Enhancing mRNA Translation Efficiency Through Deep Learning
Loading...
Date
Authors
Journal Title
Journal ISSN
Volume Title
Publisher
Université d'Ottawa / University of Ottawa
Abstract
The 5' untranslated region (5' UTR) of mRNA plays a key role in regulating translation efficiency. Consequently, optimizing this region is important in synthetic biology and therapeutic mRNA design for increasing protein yield and functional potency. Despite advances in computational methods for modeling 5' UTR translation efficiency and sequence design, existing approaches do not account for mRNA secondary structure, provide limited control over sequence modification, and remain inefficient for bulk optimization. This thesis proposes a secondary structure-informed framework that combines accurate translation efficiency modeling with controllable, large-scale optimization of 5' UTR sequences.

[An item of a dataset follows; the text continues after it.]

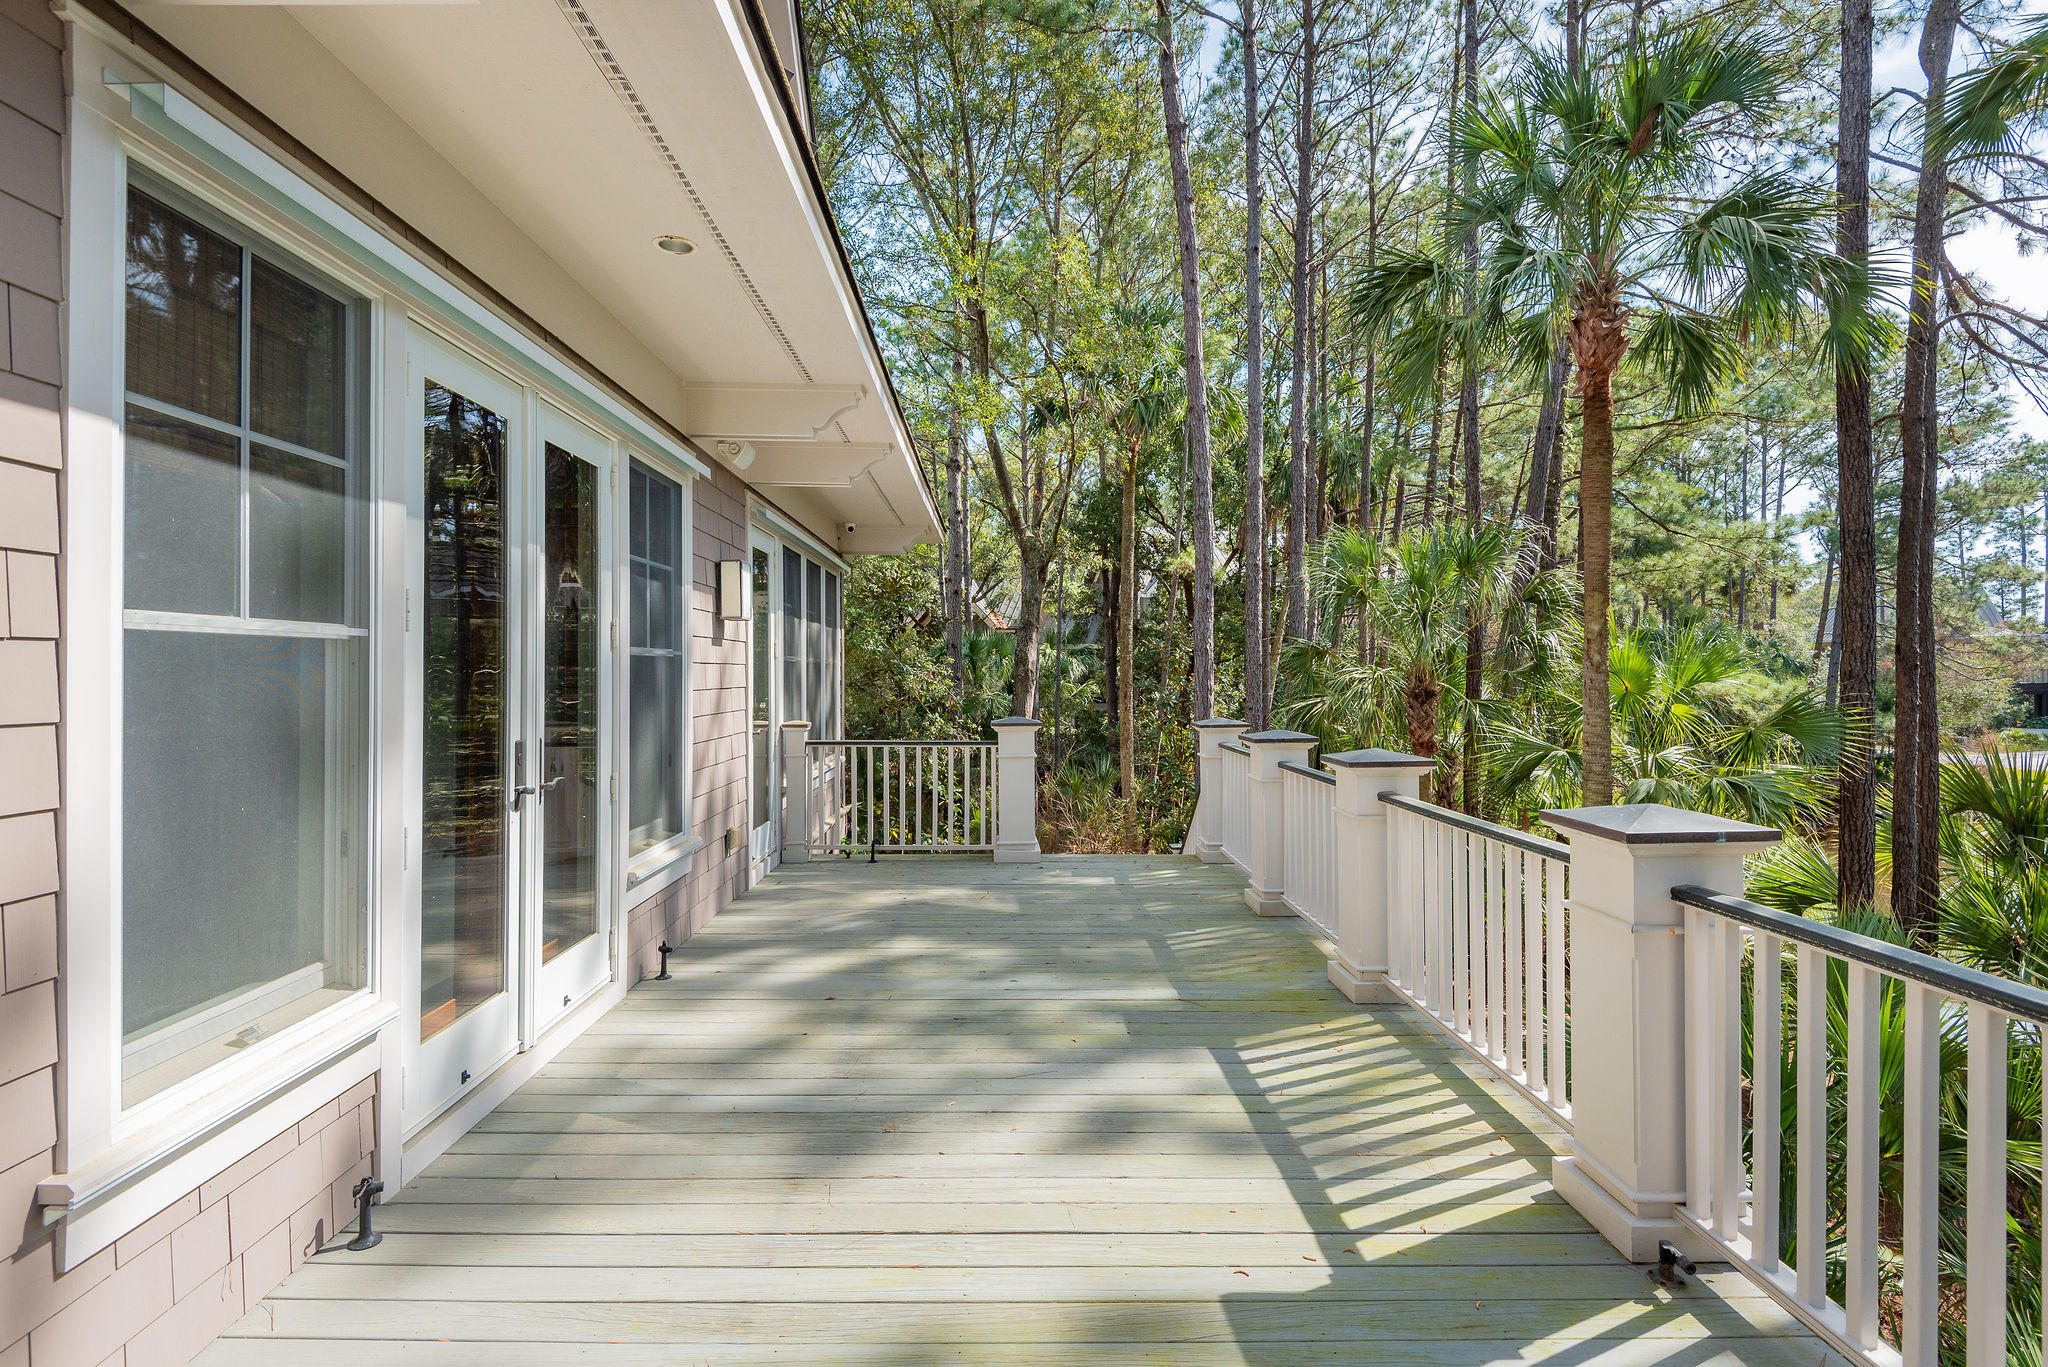 Kiawah Island Homes For Sale - 3 Grey Widgeon, Kiawah Island, SC - 28

A graph attention network (GAT) encoder integrating nucleotide identity, positional information, and predicted mRNA secondary structure was first trained to accurately predict 5' UTR translation efficiency. The encoder was then extended into a multitask autoencoder by adding an autoregressive long short-term memory (LSTM) decoder. The autoencoder achieved near-perfect sequence reconstruction accuracy while maintaining the encoder's performance on translation efficiency prediction. The decoder was then fine-tuned using reinforcement learning to generate 5' UTR variants with higher predicted translation efficiency. Fine-tuning the decoder using the REINFORCE algorithm substantially increased the number of generated sequences with improved predicted translation efficiency, while DAP-regularized fine-tuning delivered improvements through smaller, more controlled edits that maintained greater similarity to the original sequences. Incorporating curriculum learning in DAP-regularized fine-tuning substantially increased the proportion of improved sequences with limited disruption to composition and entropy. Interpretability analyses confirmed that the framework captures biologically meaningful determinants of translation initiation and applies optimization strategies consistent with known regulatory mechanisms.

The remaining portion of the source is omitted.